Secondo voi, quindi, manca un leader musicale…
Facciamo un esempio: dopo questo periodo di lockdown in Inghilterra i grossi nomi “capitanati” da un certo Paul McCartney si son fatti sentire dal governo a tutela dell’industria musicale.
In Italia i grossi nomi si sono limitati ad annunciare il tour del 2021. Manca coesione, manca pensare ad un progetto più grande, che non lasci indietro nessuno “Matilda”, il vostro ultimo singolo, parla di rinascita e soprattutto di voglia di evadere dalla solita routine.

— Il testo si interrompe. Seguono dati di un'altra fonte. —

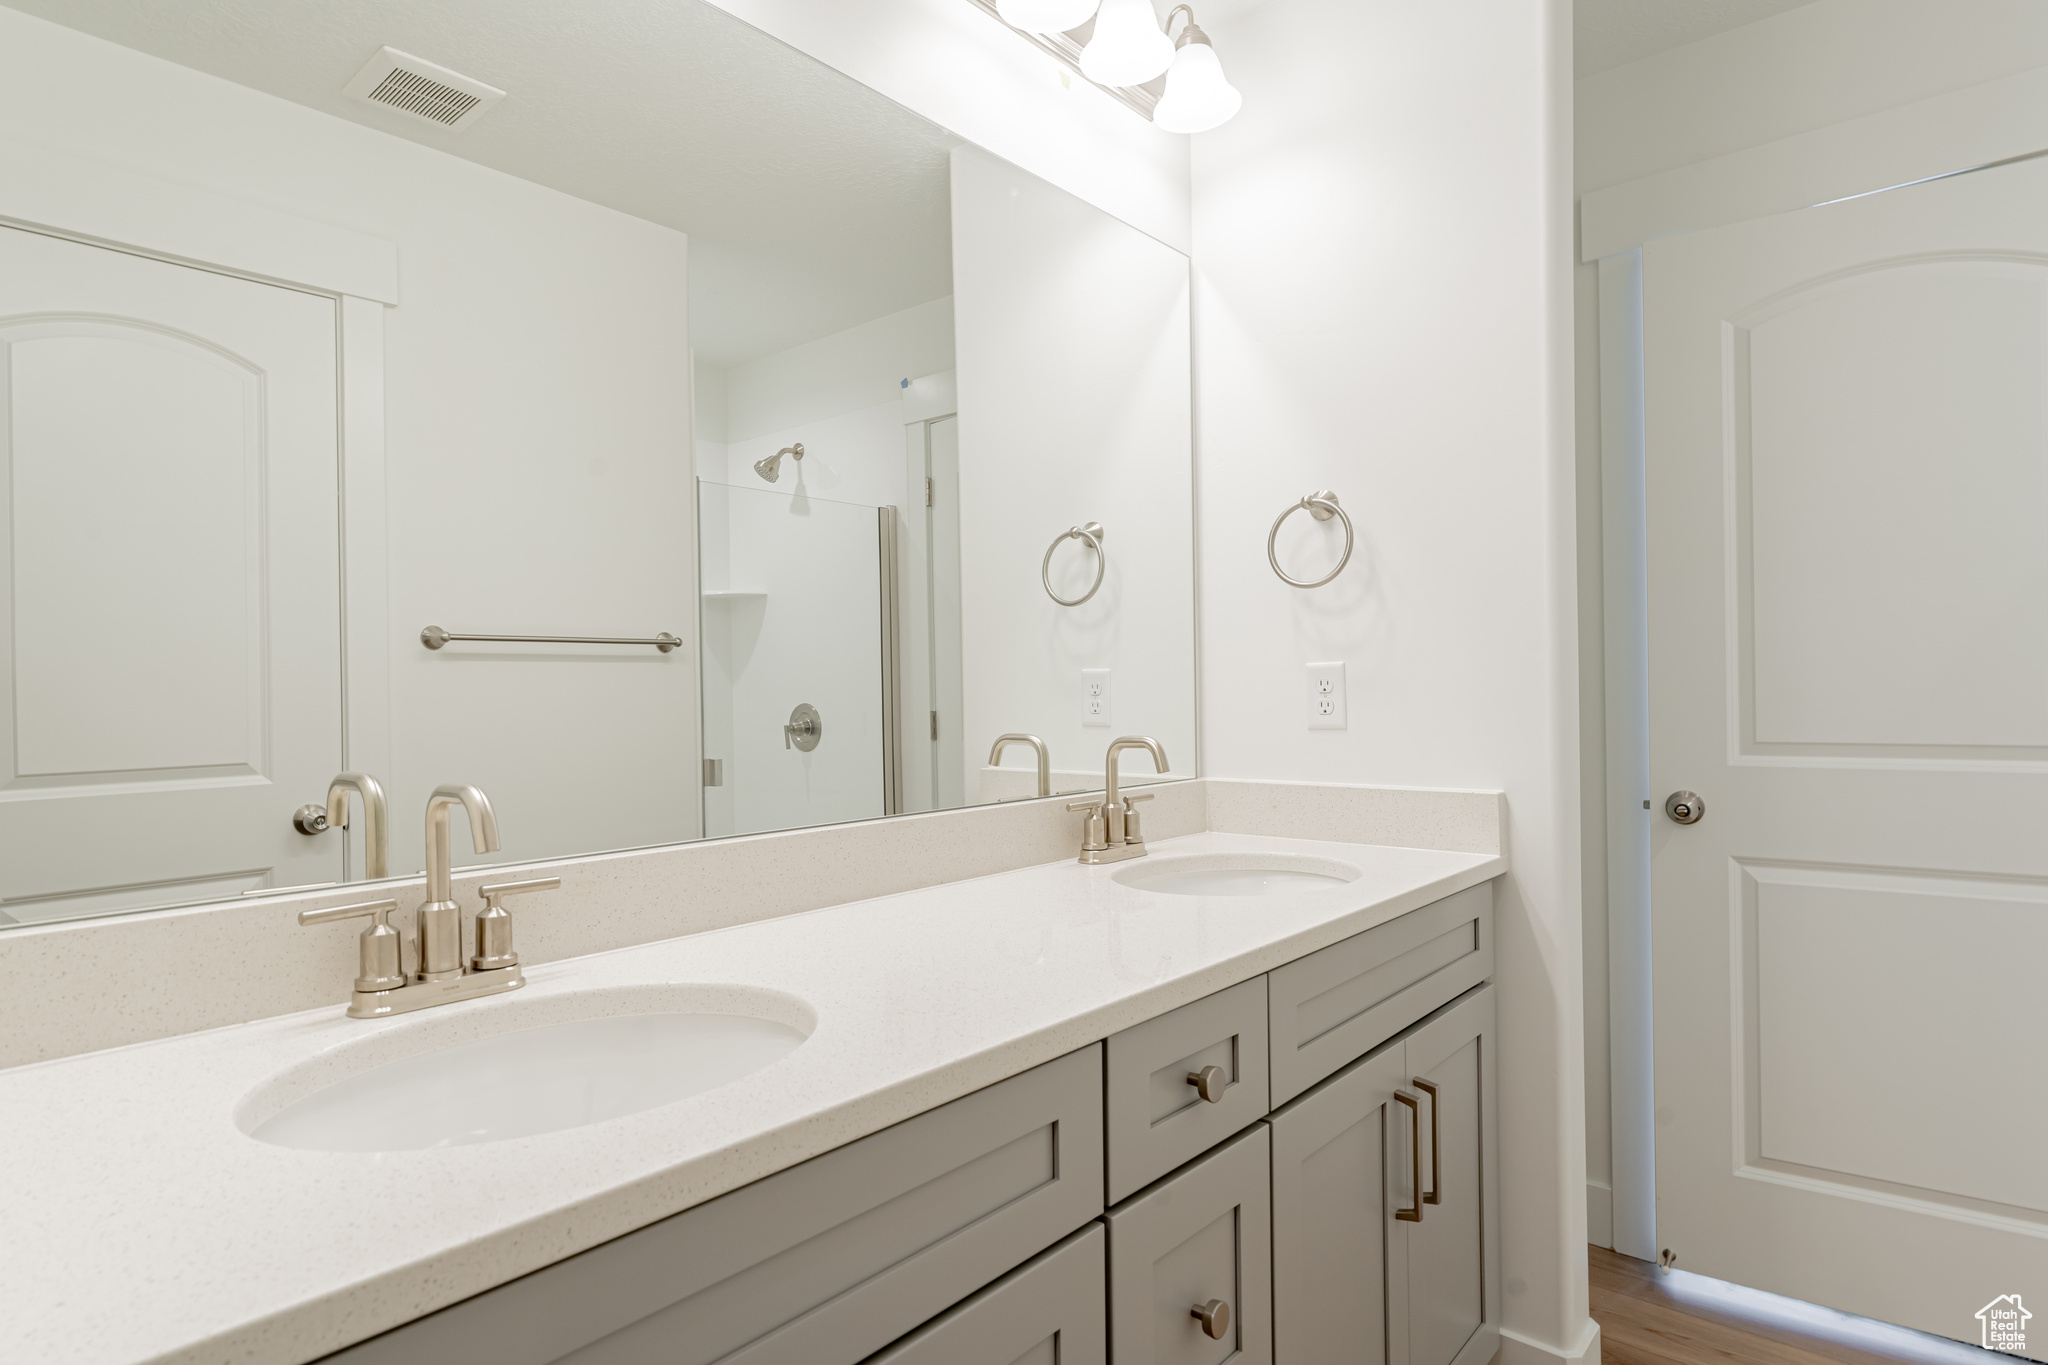 Bathroom featuring large vanity, dual sinks, and hardwood / wood-style floors

A voi, come gruppo, è mai capitato un calo creativo? La voglia di mettersi in pausa?
Certo che sì. Per diversi motivi: noia, risultati che non sempre arrivano, tempi morti, date con pane e vuotella. Ma poi arrivava il giovedì e senza sapere bene perché eccoci di nuovo in saletta con la voglia di ricominciare a suonare, scrivere canzoni e spaccare il mondo. Qualcuno una volta ha detto che è quello che si frappone tra te e il sogno a rendere il sogno reale. Le pause servono a poco. Nostro nonno diceva sempre “il fa’niente non ha mai lavorato e tra qualche anno sarai in pausa per sempre”.
Avete scritto testi scegliendo come dominante la lingua inglese. Quali sono, invece, i vostri cantanti italiani modello?
Ognuno di noi ha i suoi personali che ricalcano un po’ i riferimenti giovanili. Possiamo partire dalla scuola cantautorale: Fabrizio De André, Francesco Guccini, Ivan Graziani, Franco Battiato, Lucio Battisti, Lucio Dalla, Vasco Rossi. Poi possiamo citarvi i Subsonica, i Bluvertigo, Daniele Silvestri. Oppure i Canova, i Ministri e Brunori Sas, Motta, Ermal Meta. In realtà poi in questi ultimi anni abbiamo ascoltato tantissima produzione italiana proprio per cercare di creare un collegamento con le nostre sonorità. Abbiamo scoperto artisti molto validi: è stato un lavoro stimolante.
Bene. L’intervista è conclusa. Potete chiedere qualsiasi cosa al nostro pubblico rimanendo decorosi, mi raccomando.
Cercateci, streammateci, condivideteci. Speriamo di vedervi presto sotto il palco. Grazie di cuore.